The precious metal is down 3.2 per cent over the week to $1,227.87 a troy ounce, after touching its lowest level in 7 weeks on Thursday. Gold is now set for its third consecutive week of declines.
Diminishing demand for haven assets has been a key factor for declining gold prices, with the precious metal falling 4.4 per cent since the first round of the French elections. Indeed, gold could fall further if Emmanuel Macron defeats right-wing rival Marine Le Pen, who has proposed leaving the euro, in the second round run off on Sunday.
With the fear trade easing, sentiment was dampened further after a report from the World Gold Council showed that global demand was down 18 per cent from a year ago. Purchases by central banks slowed 27 per cent from a year ago to 76.3 tonnes in the first quarter. Meanwhile, inflows into gold-backed ETF’s declined by 68 per cent to 109.1 tonnes from a year ago, and overall investment demand fell 34 per cent.

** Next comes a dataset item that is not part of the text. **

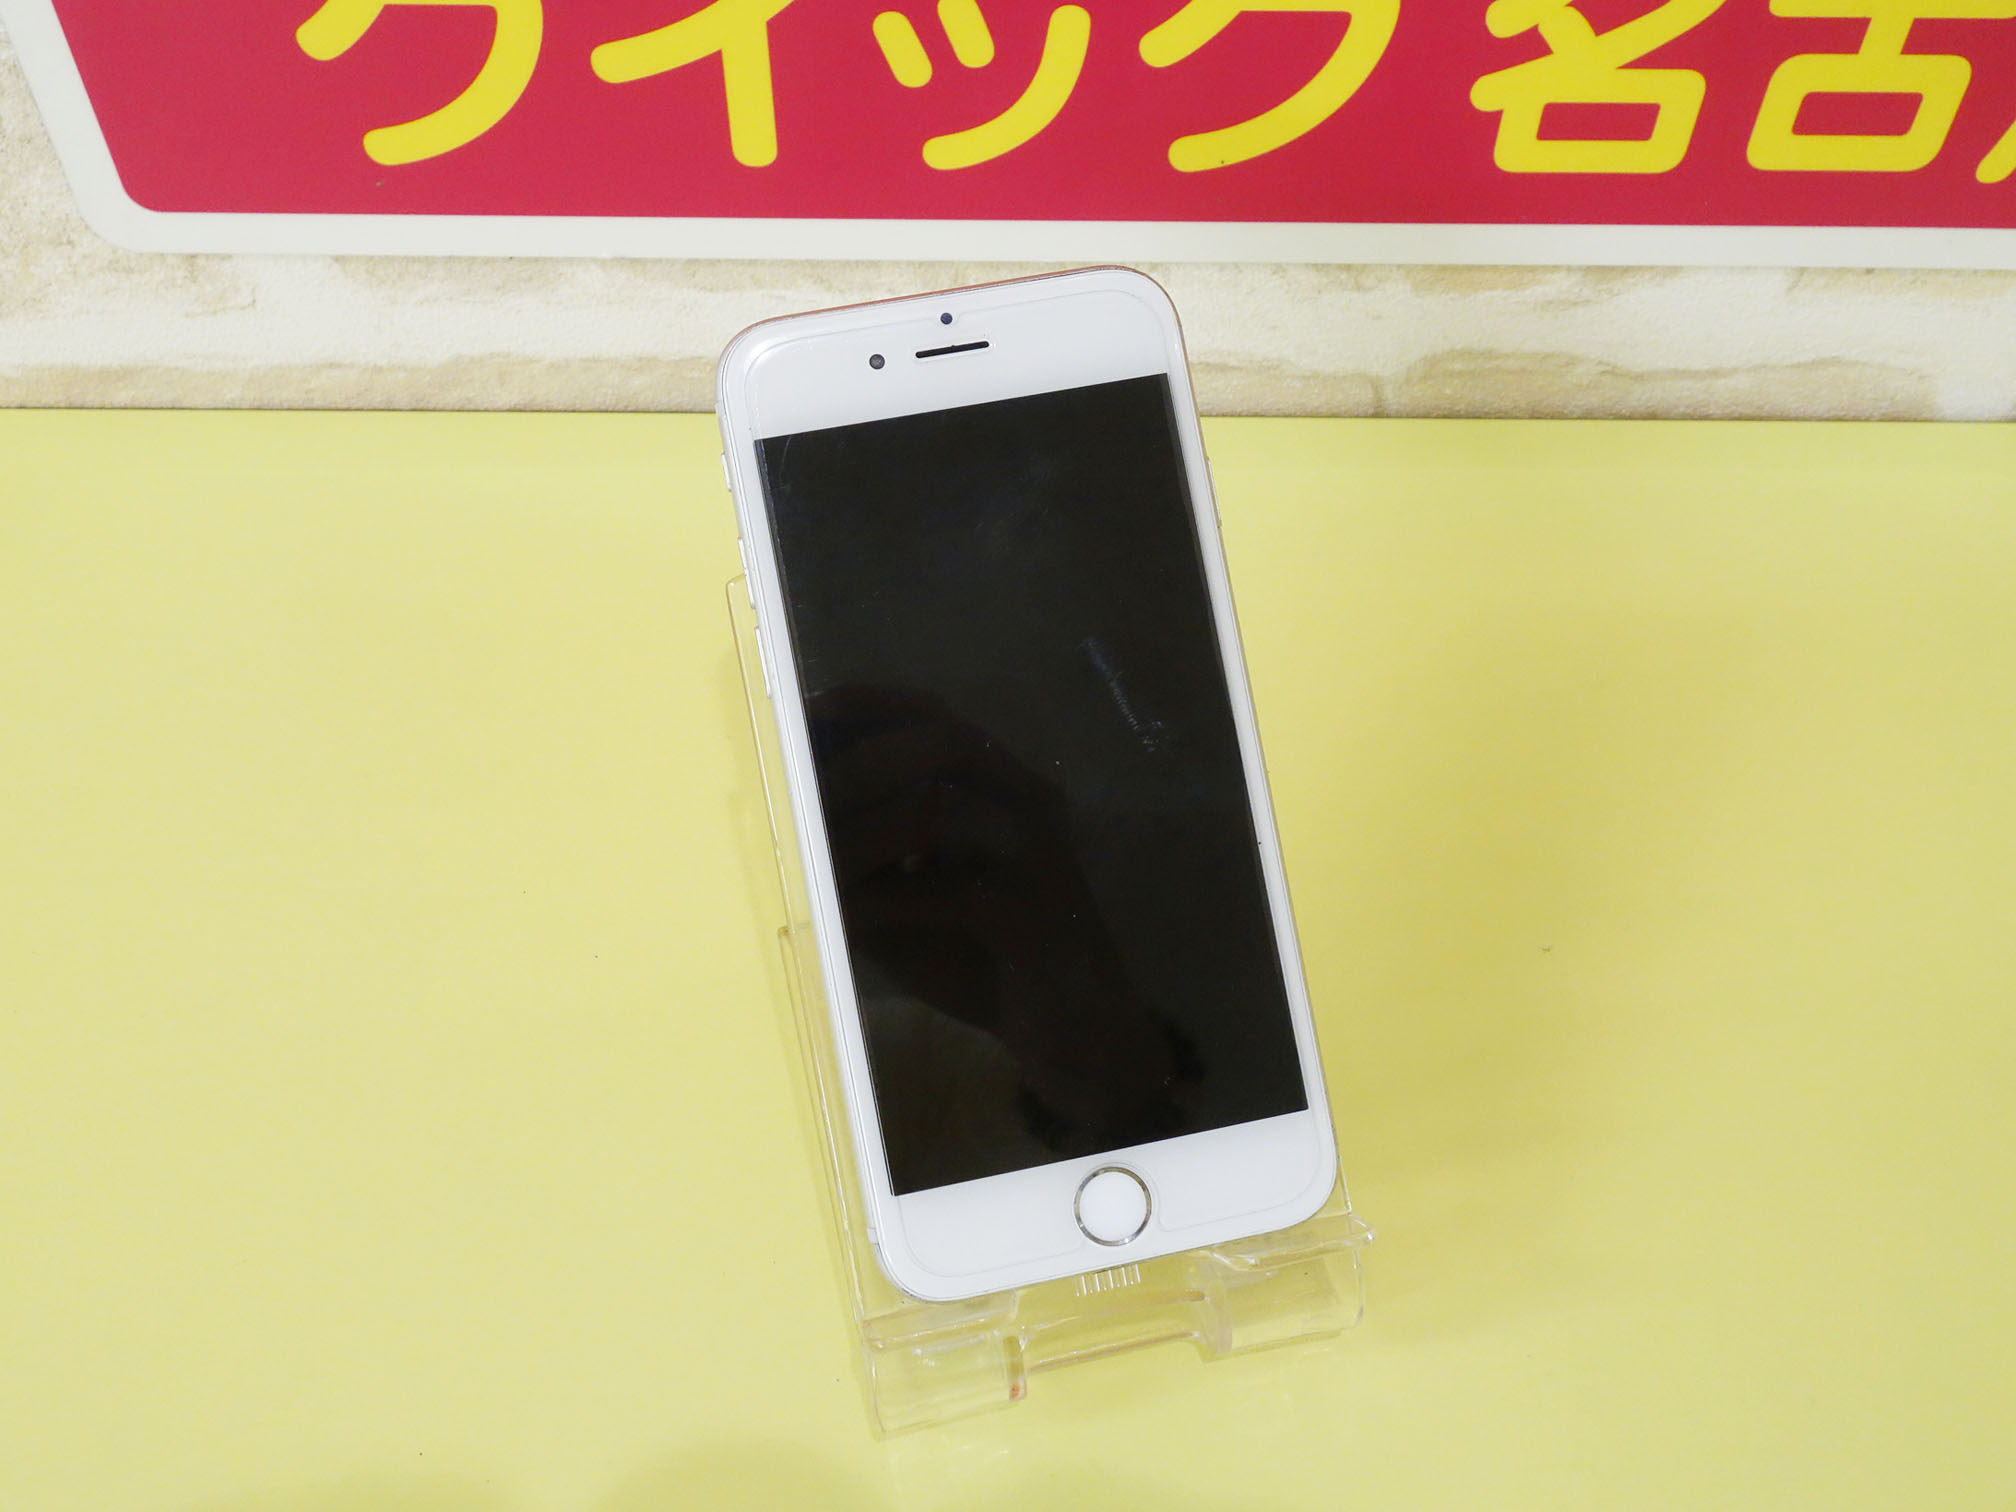 三重県 トイレで水没 iPhone6 データ復旧の基板修理 アイフォン修理のクイック名古屋

Moreover, the Federal Reserve is widely expected to raise interest rates when it meets next month, following the US jobs report on Friday. The prospect of higher rates also tends to weigh on gold, which offers no yield.
Despite the recent sell-off, gold prices are up more than 7 per cent so far this year. Some analysts caution that it could slip back below $1,200 a troy ounce by the end of the second quarter.